Thursday, October 29, 2009

Zero Degree Novel - Review On The New Ind press

Zero Degree
By Charu Nivedita
Translated by Pritham K Chakravarthy & Rakesh Khanna Blaft Publications
Pages: 232
Price: Rs 315


This book can be compared to a scream. A good, full-throated one for which you would ordinarily need the falling cliffs. And to say that Zero Degree cannot be brought home would be, ironically, a compliment to the author Charu Nivedita and its translators Pritham K Chakravarthy and Rakesh Khanna.

Charu writes about politics within the family, more accurately sexual politics within the family. Since he has done a good job of revealing the uncertainty and violence within families and contemporary personal relationships, it would indeed be a bad idea to bring it home. But for all those feel stifled within a family and a meaningless routine, please read it on your way to work.

Hide it in the deep recesses of your clothes cupboard or in the general chaos of your office desk, if you will, but read it. You should read it for the thoughts that ordinarily get edited out or words that get buried in symbols.

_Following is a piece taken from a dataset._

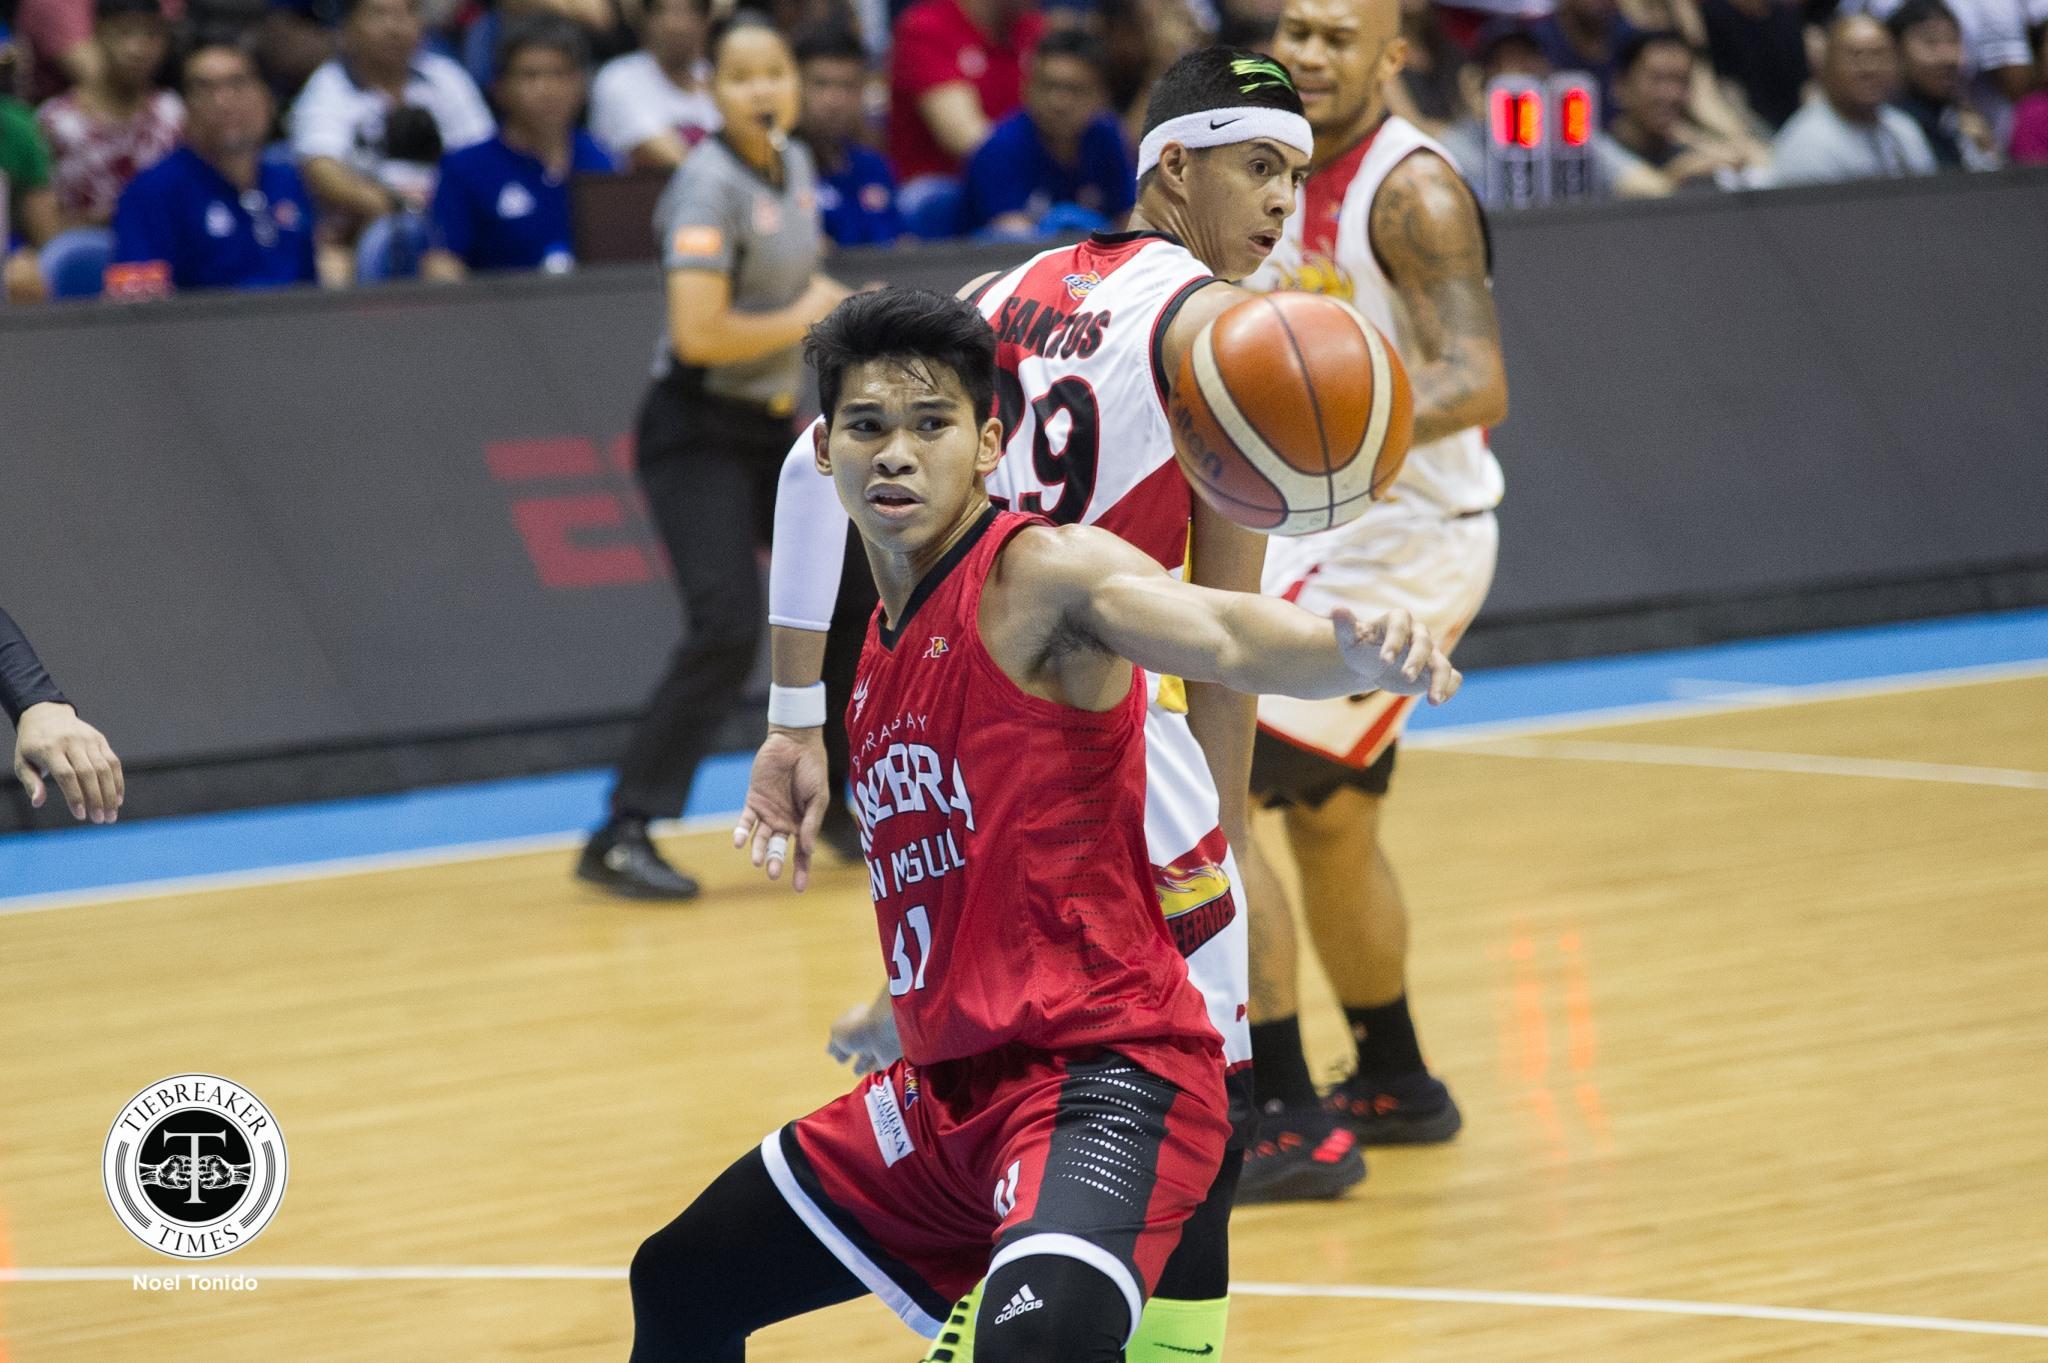 Tiebreaker Times Aljon Mariano steps up for injury-hit Ginebra Basketball News PBA  PBA Season 43 Joe Devance Barangay Ginebra San Miguel Aljon Mariano 2018 PBA Governors Cup

Zero Degree falls within the genre of trangressive fiction, in which authors try to break out of their societal confines by discussing taboo subjects. Anne Soukhanov, in The Atlantic Monthly (1996) described it as “A literary genre that graphically explores such topics as incest and other aberrant sexual practices, mutilation, the sprouting of sexual organs in various places on the human body, urban violence and violence against women, drug use, and highly dysfunctional family relationships, and that is based on the premise that knowledge is to be found at the edge of experience and that the body is the site for gaining knowledge.” Other popular authors in this genre could be Chuck Palanhiuk and Charles Bukowski.

Charu’
s book, written originally in Tamil a decade ago, follows no linear narrative and the protagonist of the book is the insanity that confronts you every day. The narrative is so chaotic that it is a relief. And occasionally there is humour.

The first chapte
r is one of my favourites for its keen observations, pathos and good-humoured acceptance. In it the author addresses his readers, both ‘normal’ and ‘deviant’. There are chapters that layer personal battles with larger political ones; the sudden change in perspective can give you vertigo. There is a chapter that is a questionnaire, which includes subversive questions that ridicule the author, critics and readers, and then it asks you questions that serve no logical purpose.

There are letters and phone conversations and pages that imitate palm-leaf manuscripts. There are chapters and sentences the author refuses to complete. There is a poem on the primordial and powerful Shakthi who was forced to give away her powers to three men. After using her powers of creation, protection and destruction, they return tired and ask her … Well, I shall leave the sentence hanging too.

Occasionally the author drops names of Latin American writers and high-brow philosophers. Perhaps it is to assure the reader that he is not being taken for a ride. That the well-read, literate author is taking the reader on a well-planned tour. Zero Degree takes you apart and allows you to rearrange yourself as you please.